**Requirement**
What must be handed in is the entire listing, exactly as written, with no pictures.

**Exercise data**
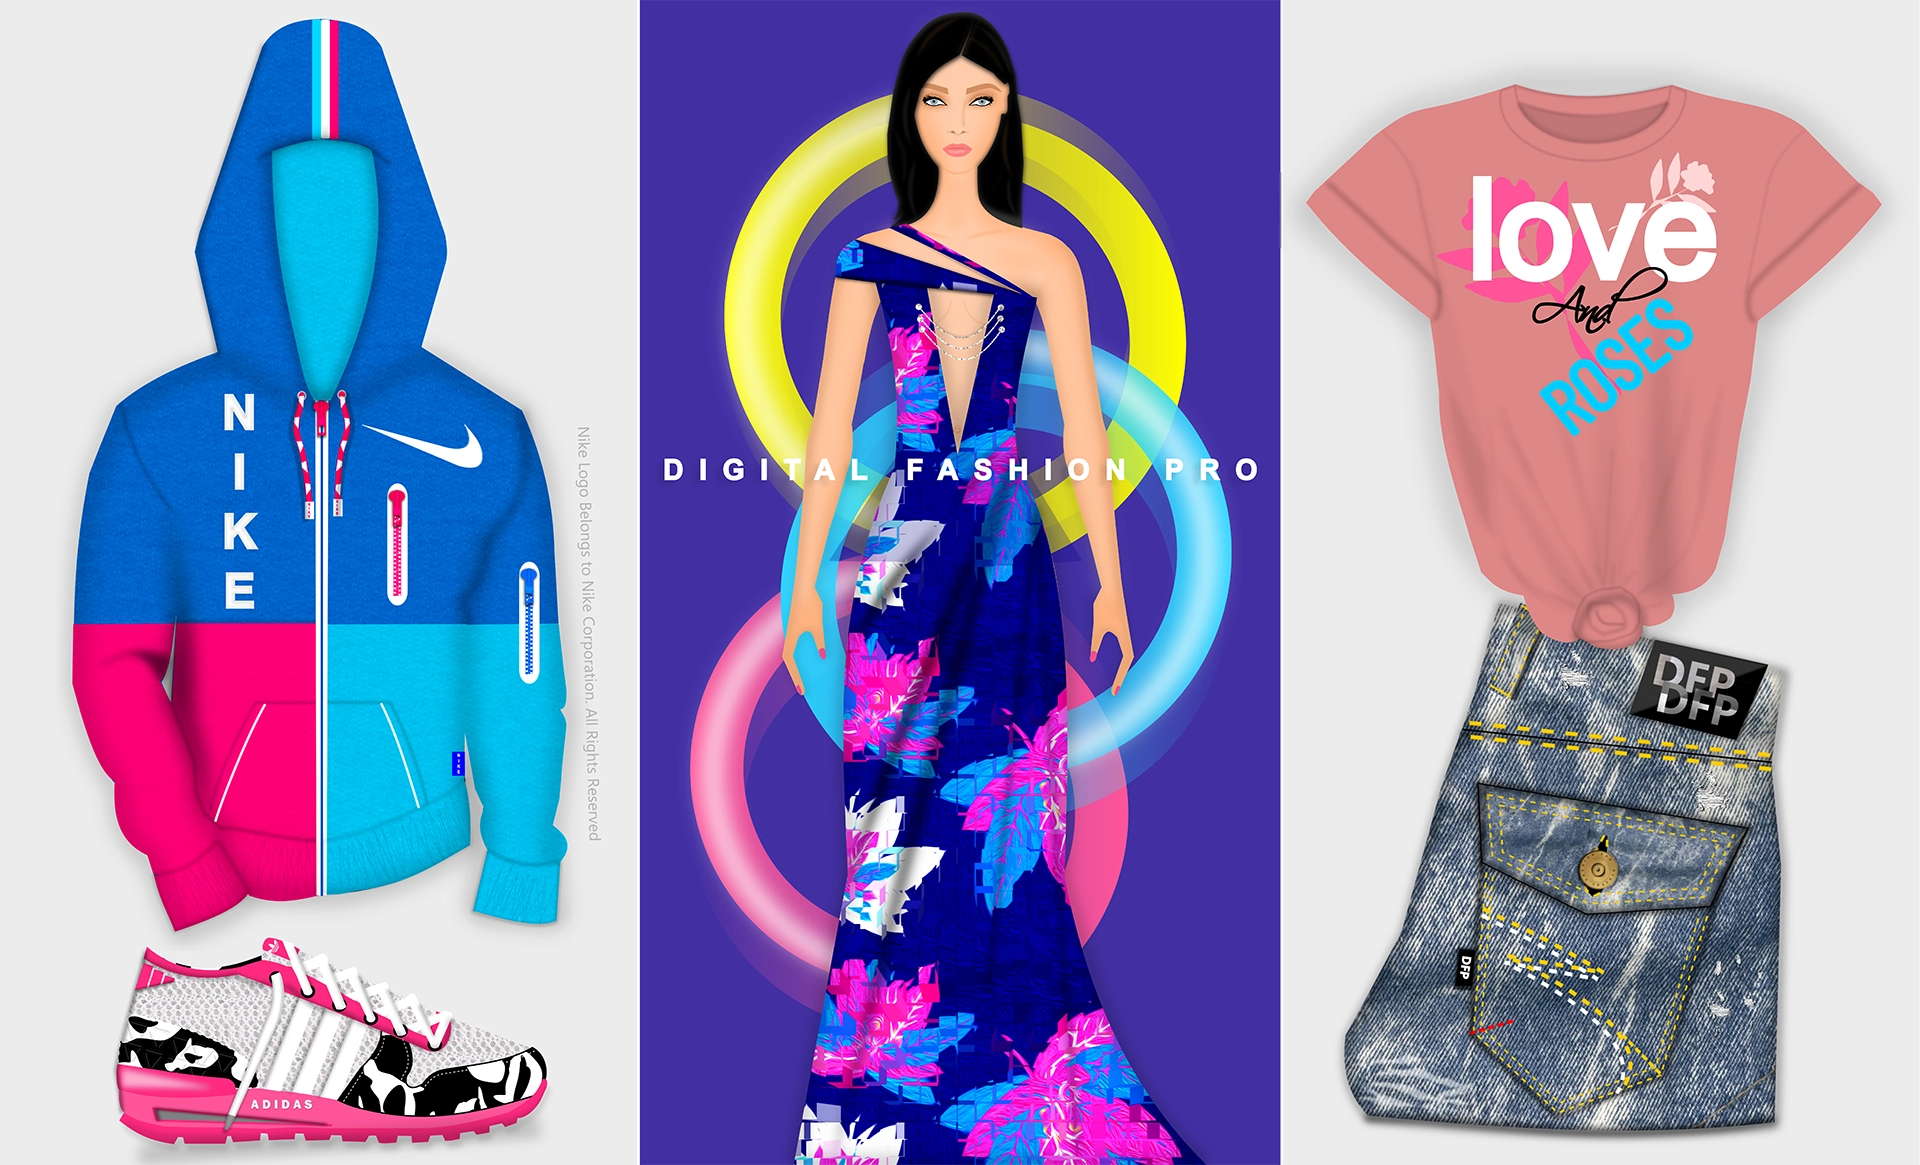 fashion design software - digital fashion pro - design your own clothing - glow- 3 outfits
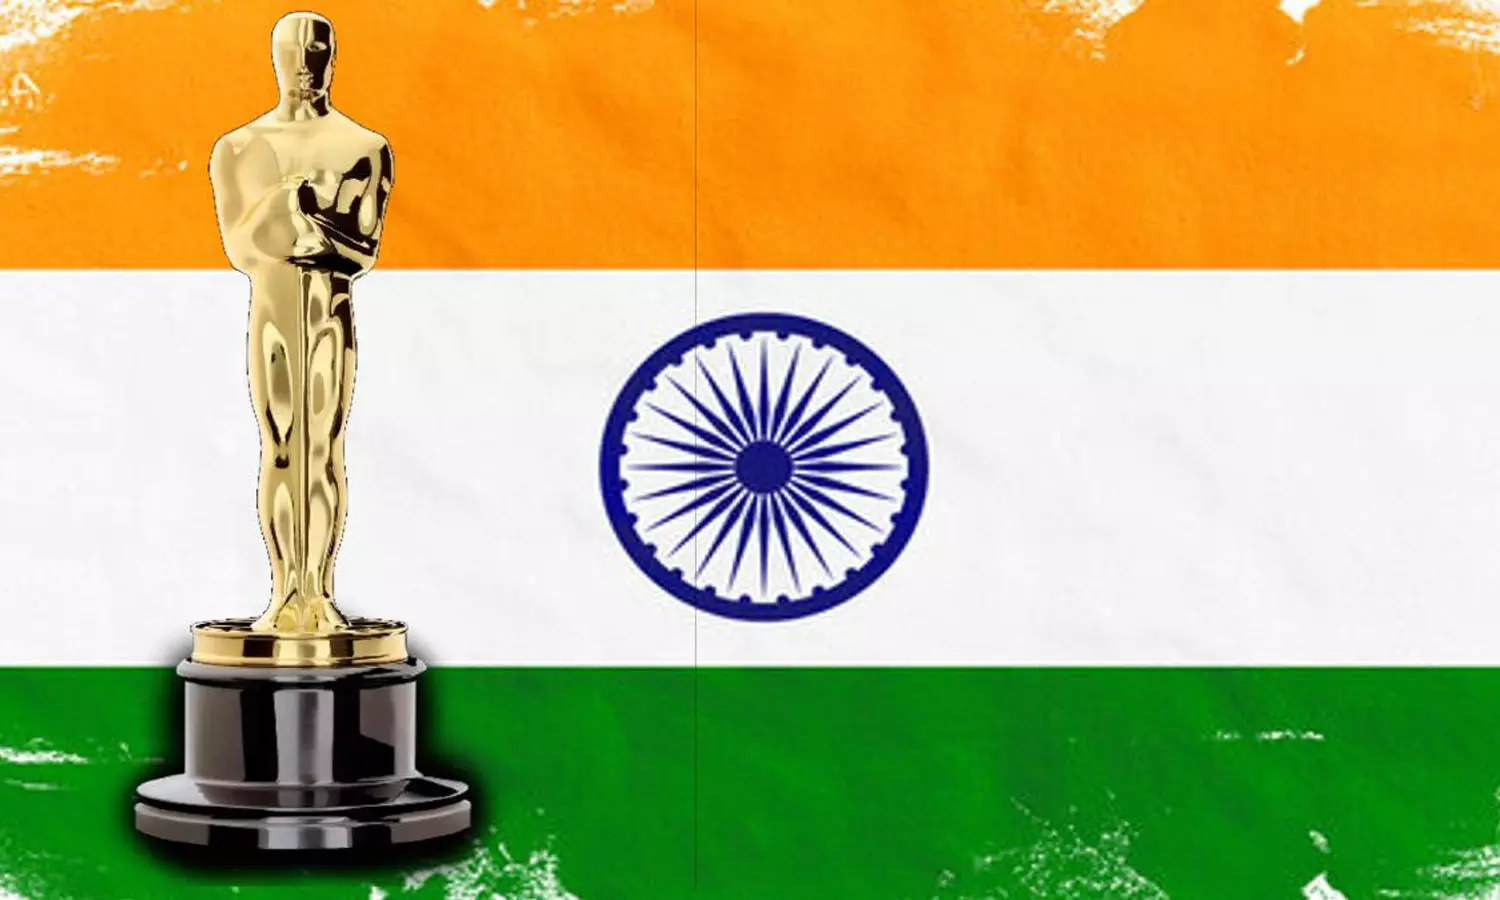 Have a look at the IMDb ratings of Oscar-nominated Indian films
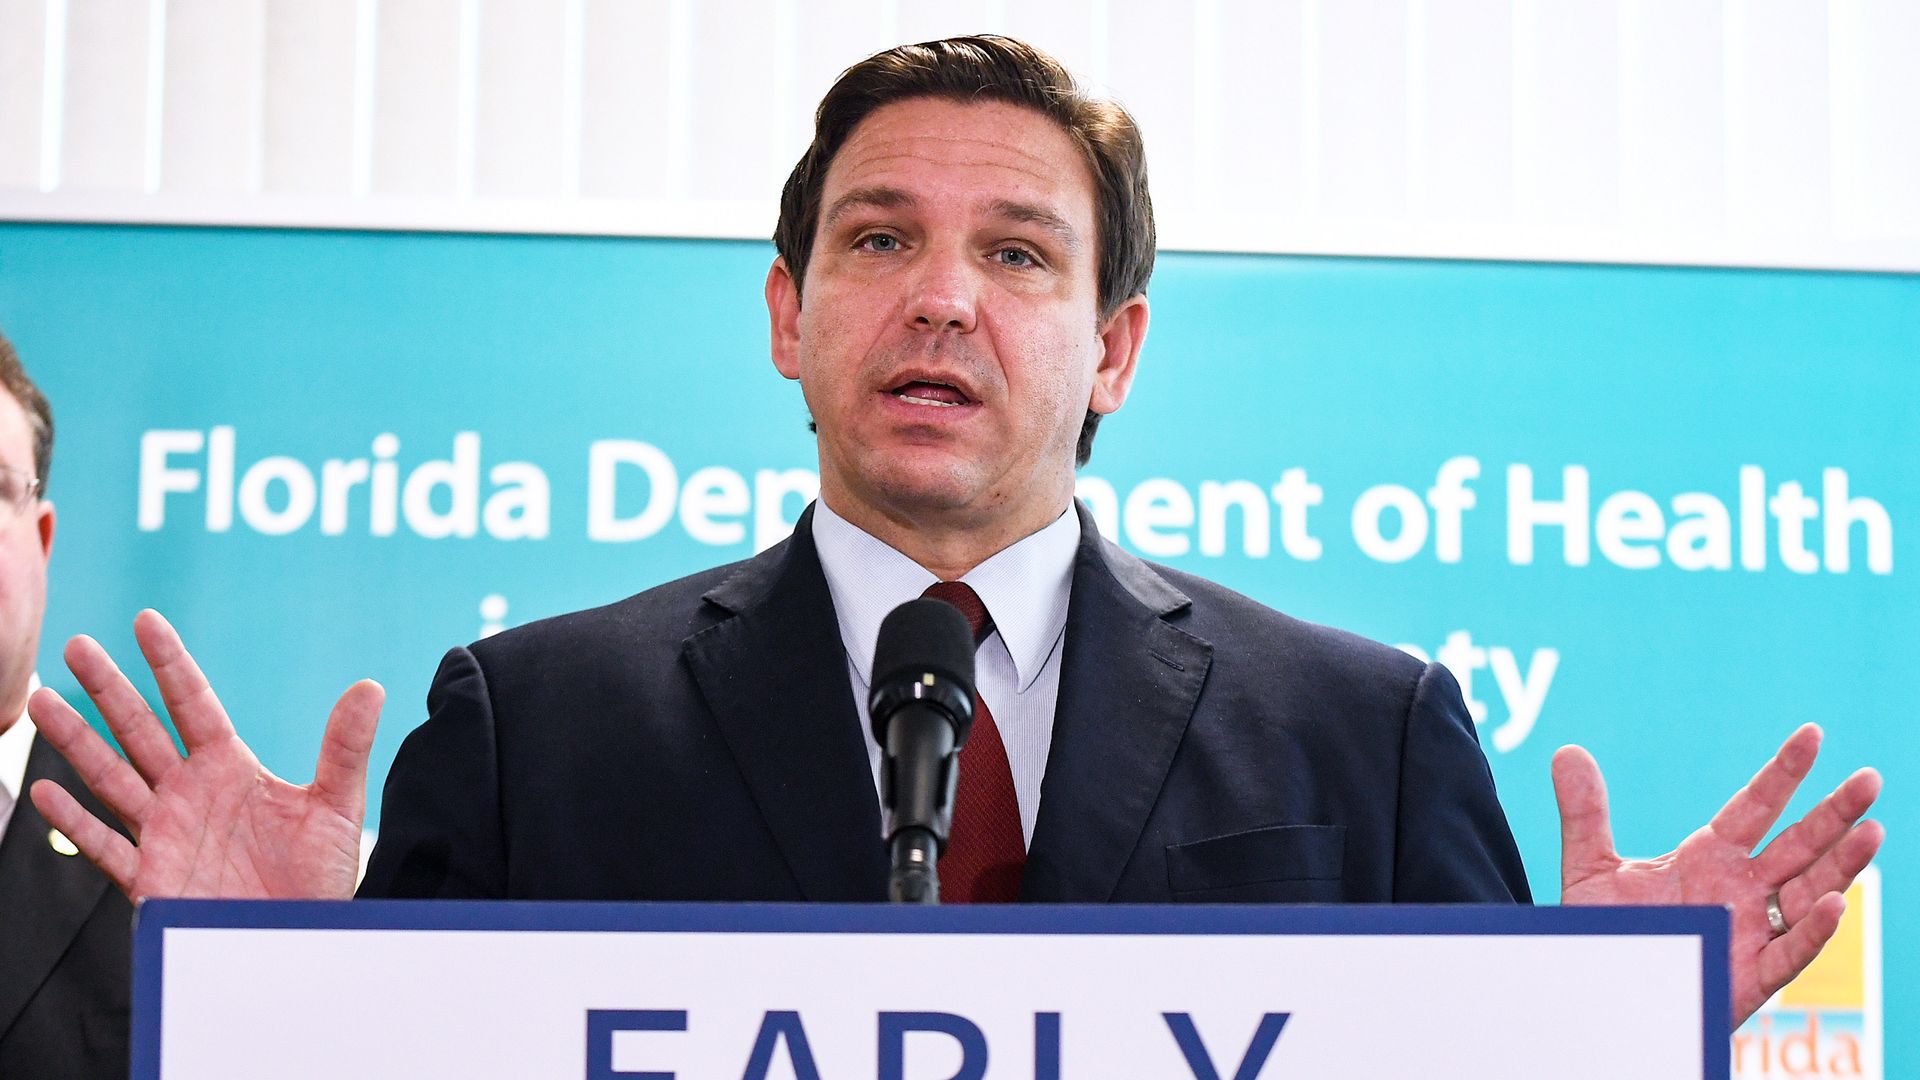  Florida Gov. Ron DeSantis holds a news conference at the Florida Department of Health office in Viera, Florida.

**Solution for this task**
 fashion design software - digital fashion pro - design your own clothing - glow- 3 outfits
 Have a look at the IMDb ratings of Oscar-nominated Indian films
  Florida Gov. Ron DeSantis holds a news conference at the Florida Department of Health office in Viera, Florida.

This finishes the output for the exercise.